In his report Gillis – an award-winning author who, as a former managing partner at Cake, the Havas Sport and Entertainment agency, knows the industry from the inside – muses on whether it is time for the sports business across the board to  consider new ways of operating.

And counter-intuitive though it may appear in a sector where the product itself is built on intensity of competition and desire to be #1, he suggests that one of the ways to grow the value of the sports sector overall would be a move toward greater collaboration.

Specifically, his focus is in the area of data and the potential benefits of aggregation rather than ownership of data about sports fans. The power of Google, Facebook, Amazon et al lies in the vast reservoir of data they hold about their users.
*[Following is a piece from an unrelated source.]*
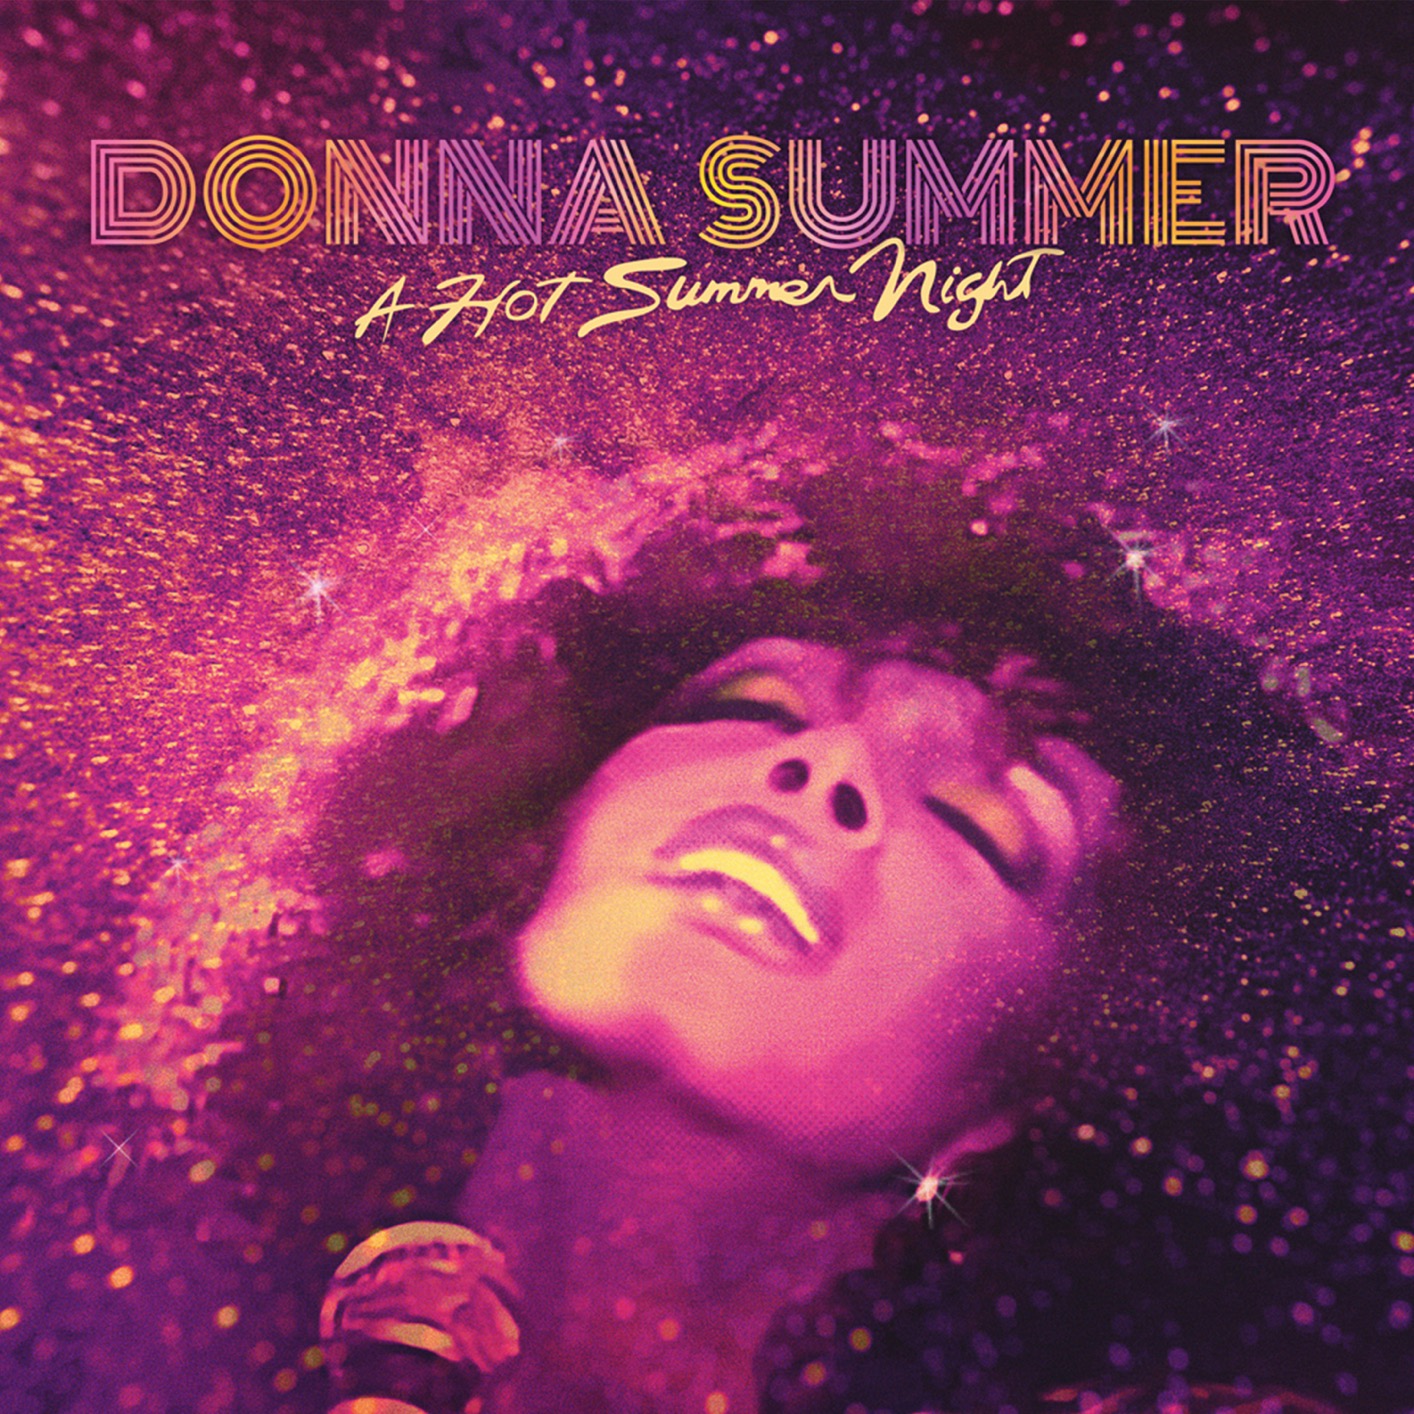 Donna Summer – A Hot Summer Night (Live at Pacific Amphitheatre 06.08.1983) (1983/2020) [FLAC 24bit/44,1kHz]

It’s what makes them the giants they are today, organisations whose commercial success and political influence go way beyond anything we have seen or experienced before.

Taken as a whole, sport has a vast number of ‘users’ worldwide but the data held about them is inevitably patchy and held in silos, and closely guarded by thousands of individual businesses. The question Gillis asks us to consider is how much more valuable the sports business would become if that data could be better standardised, integrated and aggregated. The suggestion is that it would be transformational, giving everybody a slice of a far bigger pie.

It’s a fascinating notion and one which would demand a significant cultural change among the owners of sports clubs and properties but the examples from the wider world of global commerce are there for all to see.

While widespread data sharing across sport is not something we’re going to see anytime soon, can the principle of collaboration rather than competition be applied in other areas to boost the value of sports businesses?

How about lower league football for example? Far from the bright lights and international television coverage afforded to the top tier is a whole world of often cash-strapped clubs whose sponsors inevitably tend to be local brands and businesses.

That’s fine when the team is playing at home in front of an audience which can relate to that sponsor. But when the team goes on the road, the space afforded to their local sponsor is, effectively, wasted. There is nothing for a logo or message to resonate with. Instead, why not pool sponsorship rights for visiting teams’ jerseys sop that they can be offered to a new category of sponsor – brands with a nationwide presence. The leagues won’t sell this deal on their behalf, but a collective approach could make all the difference and add significantly to the overall value of the club s’ sponsorship inventory.

Elsewhere perhaps clubs from different sports with similar fan demographics could integrate to create propositions where the overall value is significantly greater than the sum of its parts.

As Gillis and those who he interviewed for the report point out, while there are isolated examples of this type of co-operation and integration to be found around the world, it is certainly not commonplace. But as sport has to work ever harder to retain its share of consumer spend, maybe now is the time to embrace integration and co-operation in new ways.